Data provided

════════

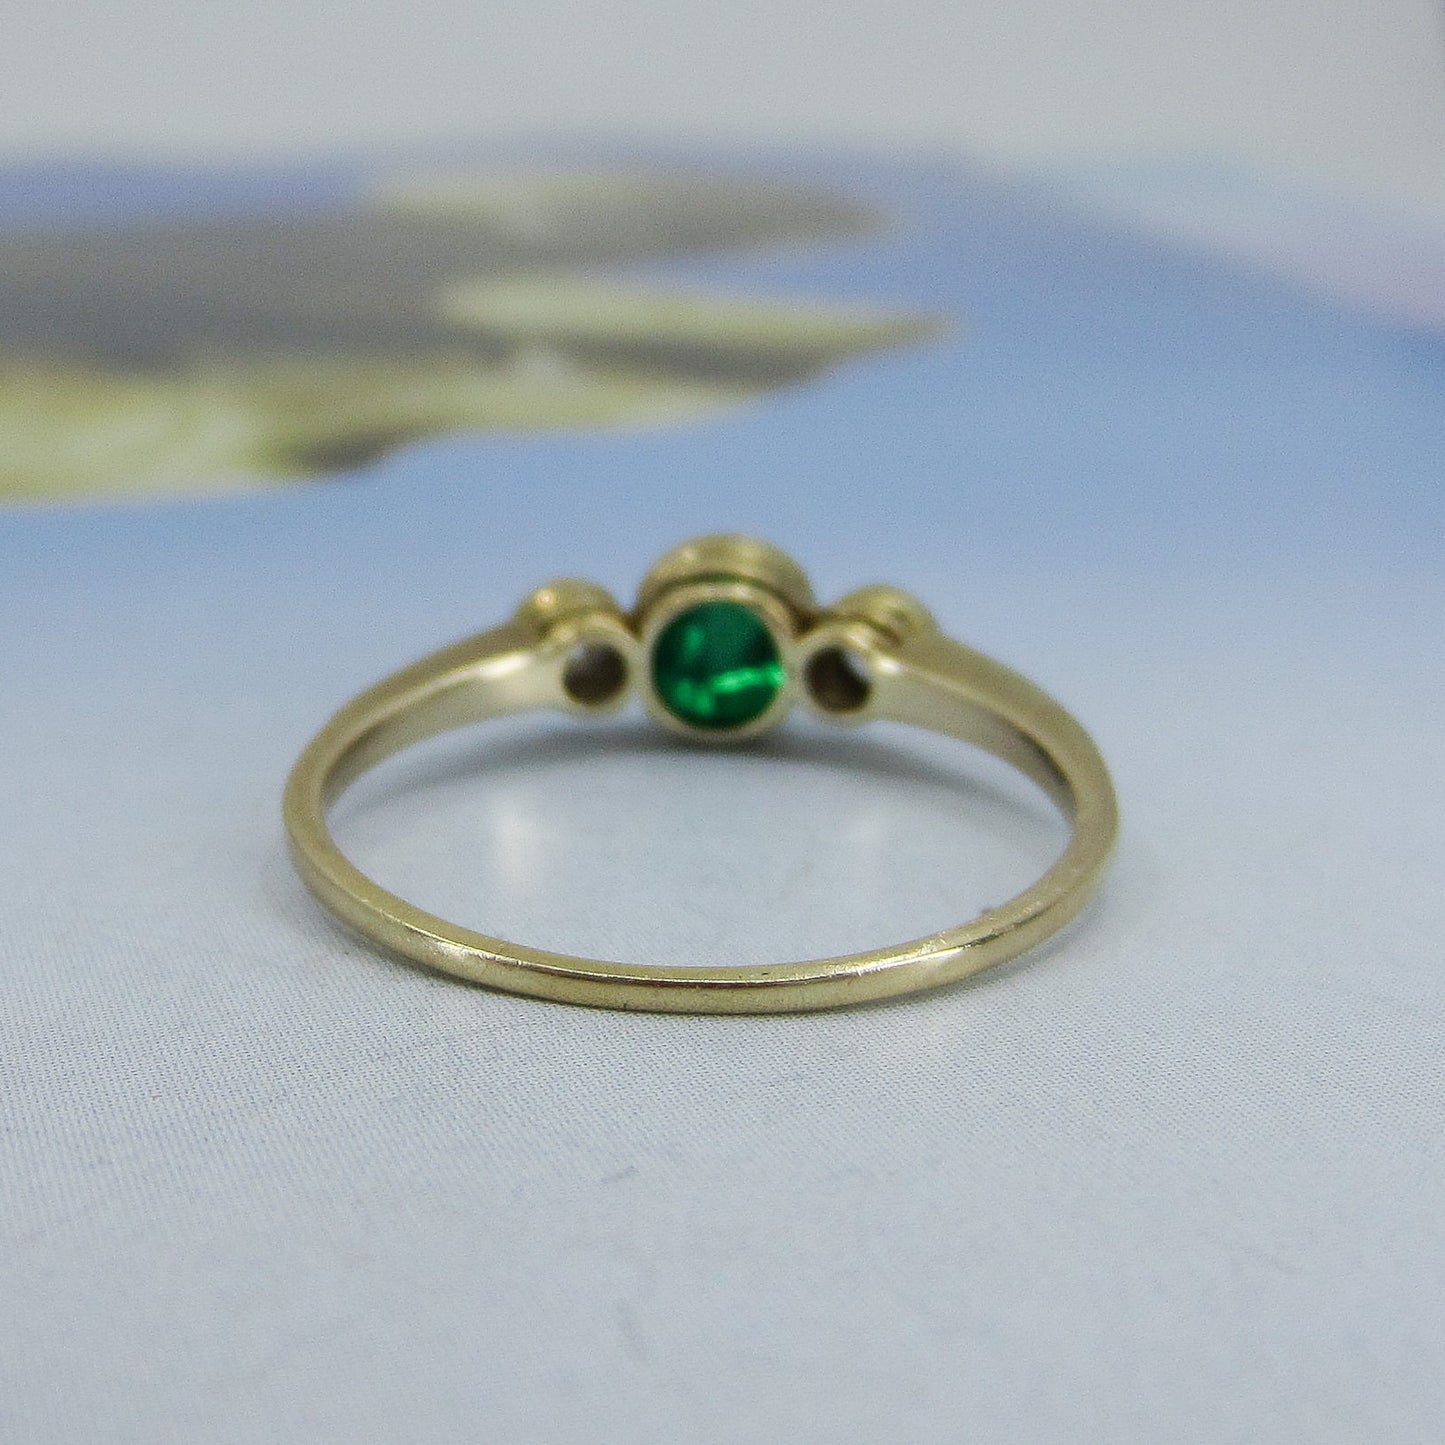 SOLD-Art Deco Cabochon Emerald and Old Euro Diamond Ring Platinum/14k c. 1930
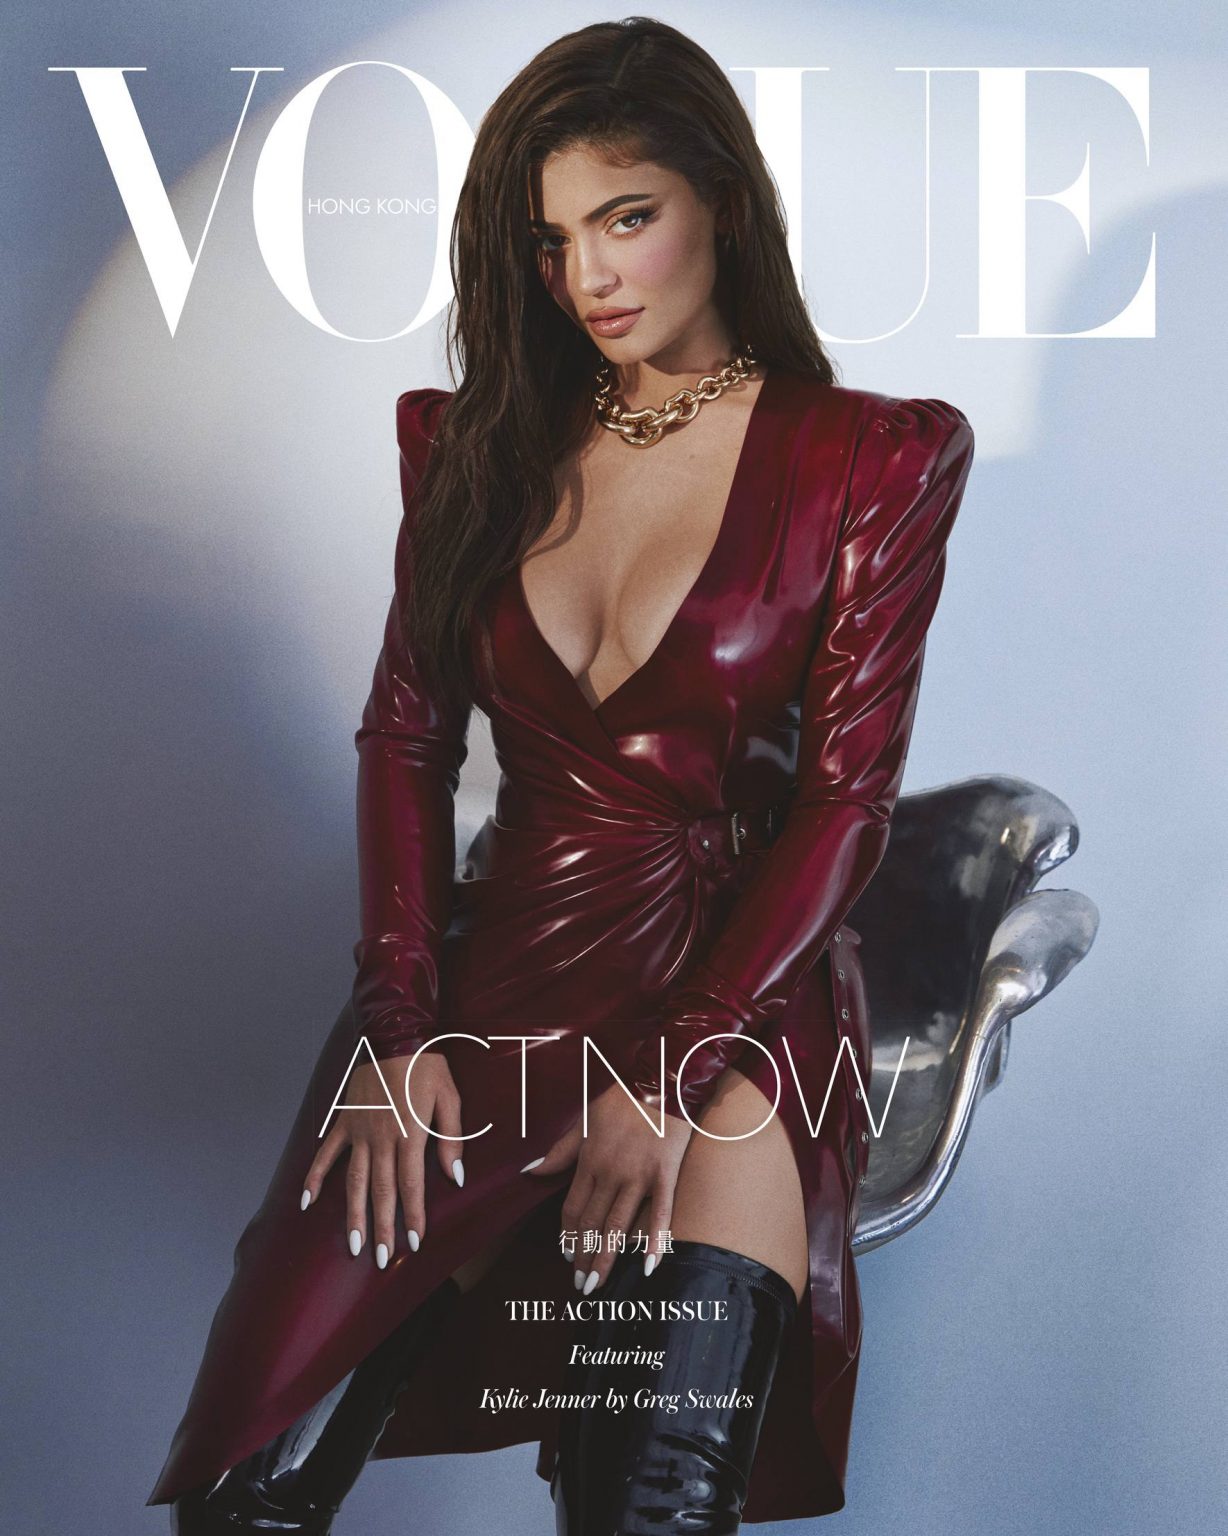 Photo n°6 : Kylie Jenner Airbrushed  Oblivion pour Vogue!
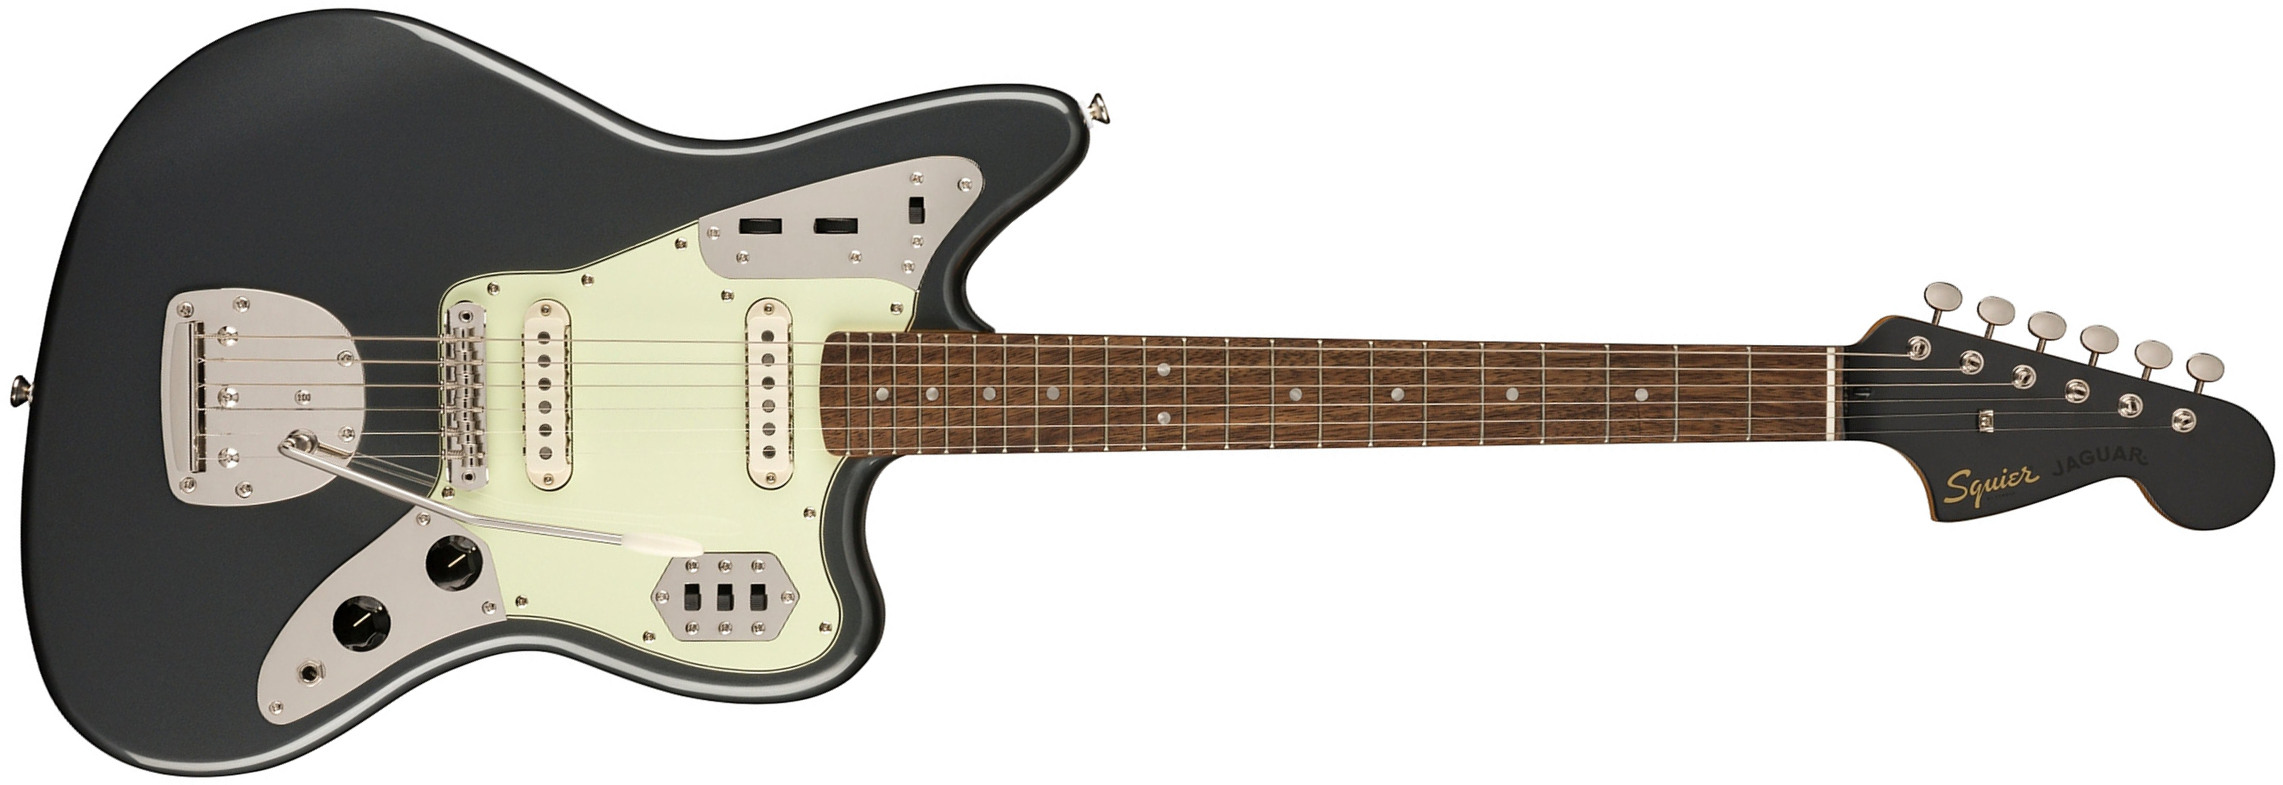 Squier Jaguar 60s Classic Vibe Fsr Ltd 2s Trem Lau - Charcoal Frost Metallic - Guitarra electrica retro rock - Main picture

════════

Problem requirements
Retype all the material word for word while skipping any picture it contains.

Written answer
 SOLD-Art Deco Cabochon Emerald and Old Euro Diamond Ring Platinum/14k c. 1930
 Photo n°6 : Kylie Jenner Airbrushed  Oblivion pour Vogue!
 Squier Jaguar 60s Classic Vibe Fsr Ltd 2s Trem Lau - Charcoal Frost Metallic - Guitarra electrica retro rock - Main picture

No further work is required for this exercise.